“Le storie delle persone sono indispensabili per mantenere viva la memoria”
Intervento di Dino Latini in occasione della seduta del Consiglio regionale dedicata al Giorno della Memoria - VIDEO
“Se comprendere è impossibile, conoscere è necessario, perché ciò che è accaduto può ritornare”. Sono parole di Primo Levi che il Presidente del Consiglio regionale, Dino Latini, ha scelto di riproporre nel suo intervento per la seduta aperta dell’Assemblea legislativa dedicata al “Giorno della Memoria”.
“Attraverso tutti i suoi apparati, la fabbrica della morte del Terzo Reich – ha proseguito – portò allo sterminio fisico di circa 15 milioni di persone considerate inferiori e indesiderabili per motivi razziali e politici”.

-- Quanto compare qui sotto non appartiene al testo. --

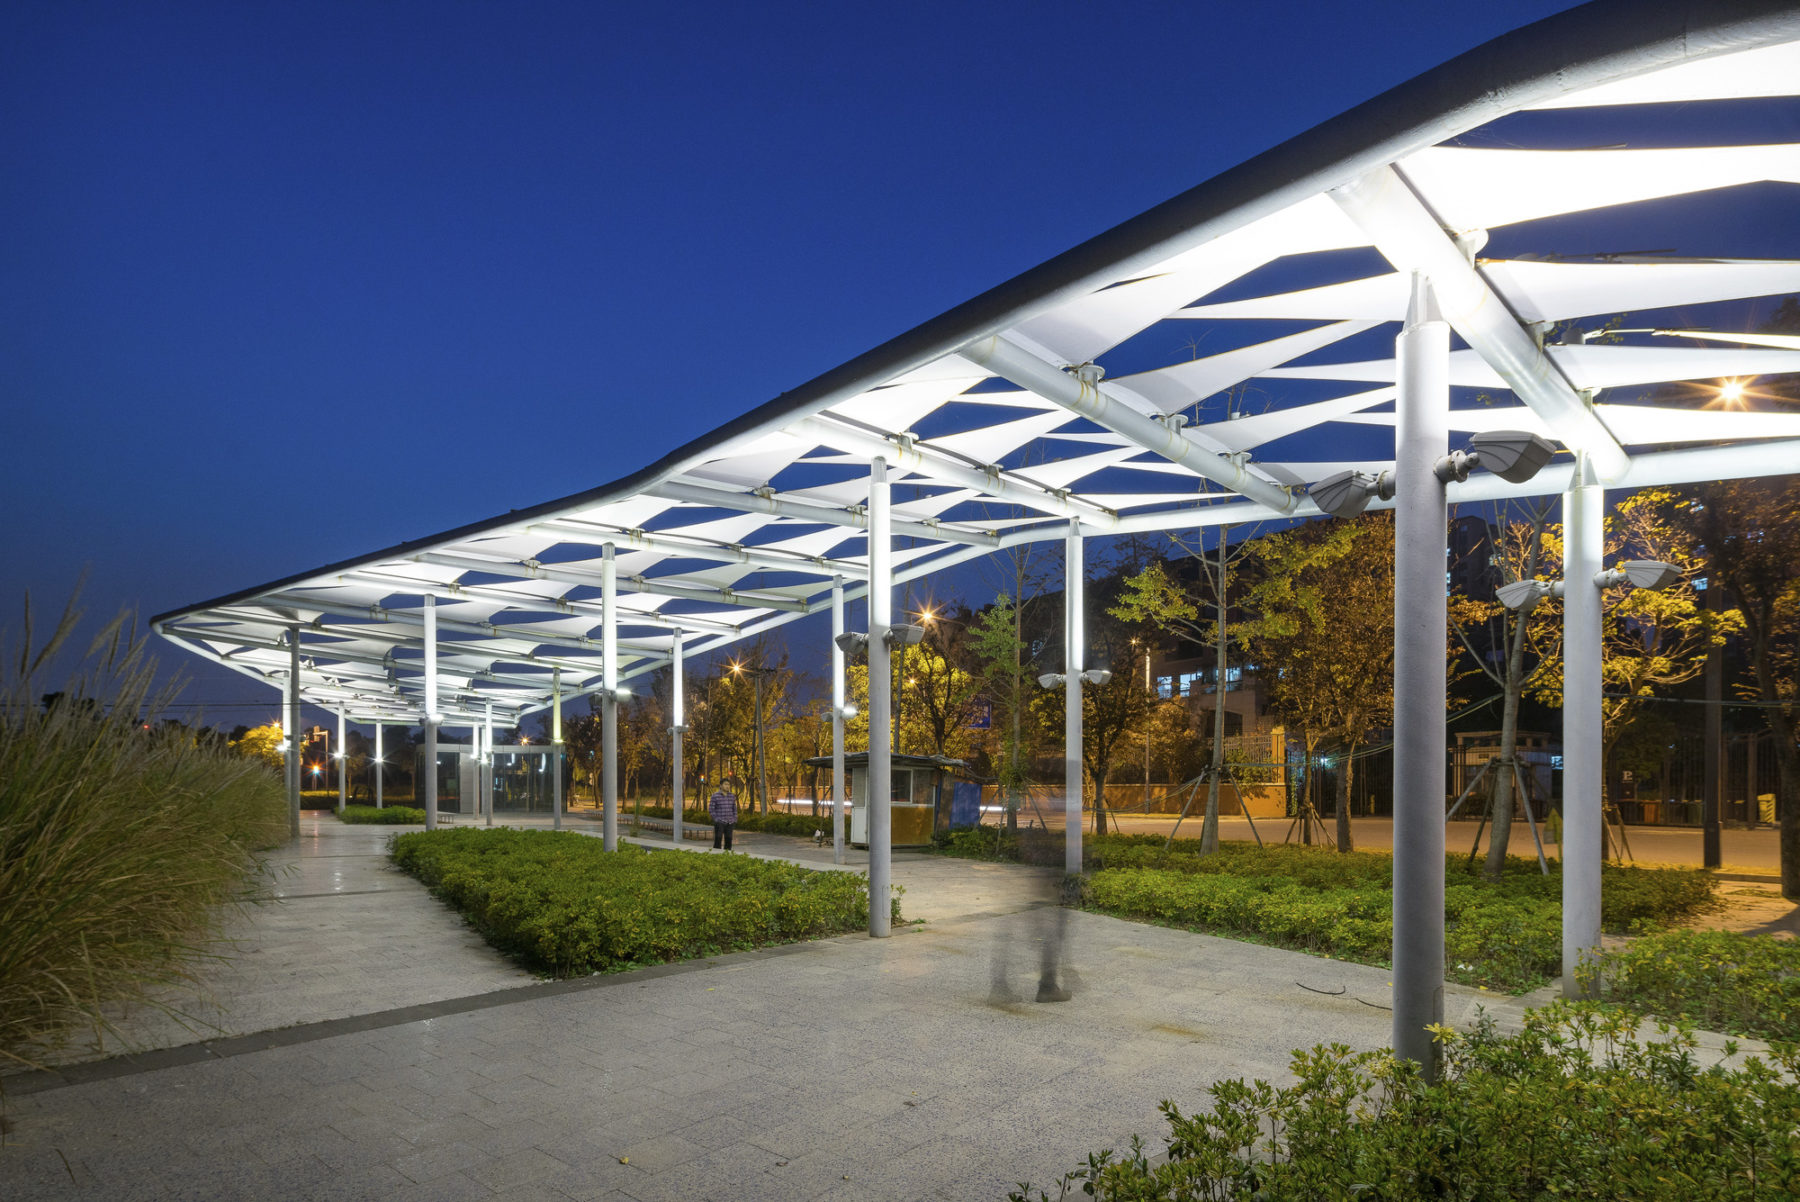 photograph of canopy in park at night

Per evitare il rischio di ridurre il tutto ad “un superficiale resoconto di numeri, date e foto scolorite dal tempo”, secondo Latini è necessario “narrare le storie delle persone, percepire i loro sentimenti, il dolore e la disperazione”.
Tra tante, il Presidente porta in primo piano quella di Gena Turgel, divenuta poi “la Sposa di Belsen”. Ragazzina polacca di 16 anni sopravvisse a quattro campi di concentramento, alla camera a gas ed ebbe anche l’occasione di conoscere e curare Anna Frank. Quando il campo di sterminio di Bergen – Belsen fu liberato dagli inglesi conobbe un giovane ufficiale dell’esercito, Norman Turgel, che divenne suo marito.
Visse fino a 95 anni con i tre figli e ben otto nipoti.
“Ho voluto narrare questa storia – ha sottolineato il Presidente – perché rappresenta un segno di speranza, di rinascita e di come, anche di fronte alla disperazione assoluta, la vita riserva sempre gioie inaspettate e la forza dell’amore supera anche la miseria umana. L’ho voluta narrare per riaffermare che tutti gli esseri umani nascono liberi ed uguali in dignità e diritti, come sancito dalla Dichiarazione universale sugli stessi diritti umani”.
E per non perdere la vera essenza del “Giorno della Memoria”, un richiamo al monito lanciato da Liliana Segre nel suo intervento nell’Aula del Senato lo scorso 18 gennaio. I viaggi della Memoria “non sono gite”, ad Auschwitz “si va in silenzio, con vestiti adeguati” come “in un santuario”, in “un modo civile, religioso, nostalgico” e “magari avendo saltato la colazione del mattino”.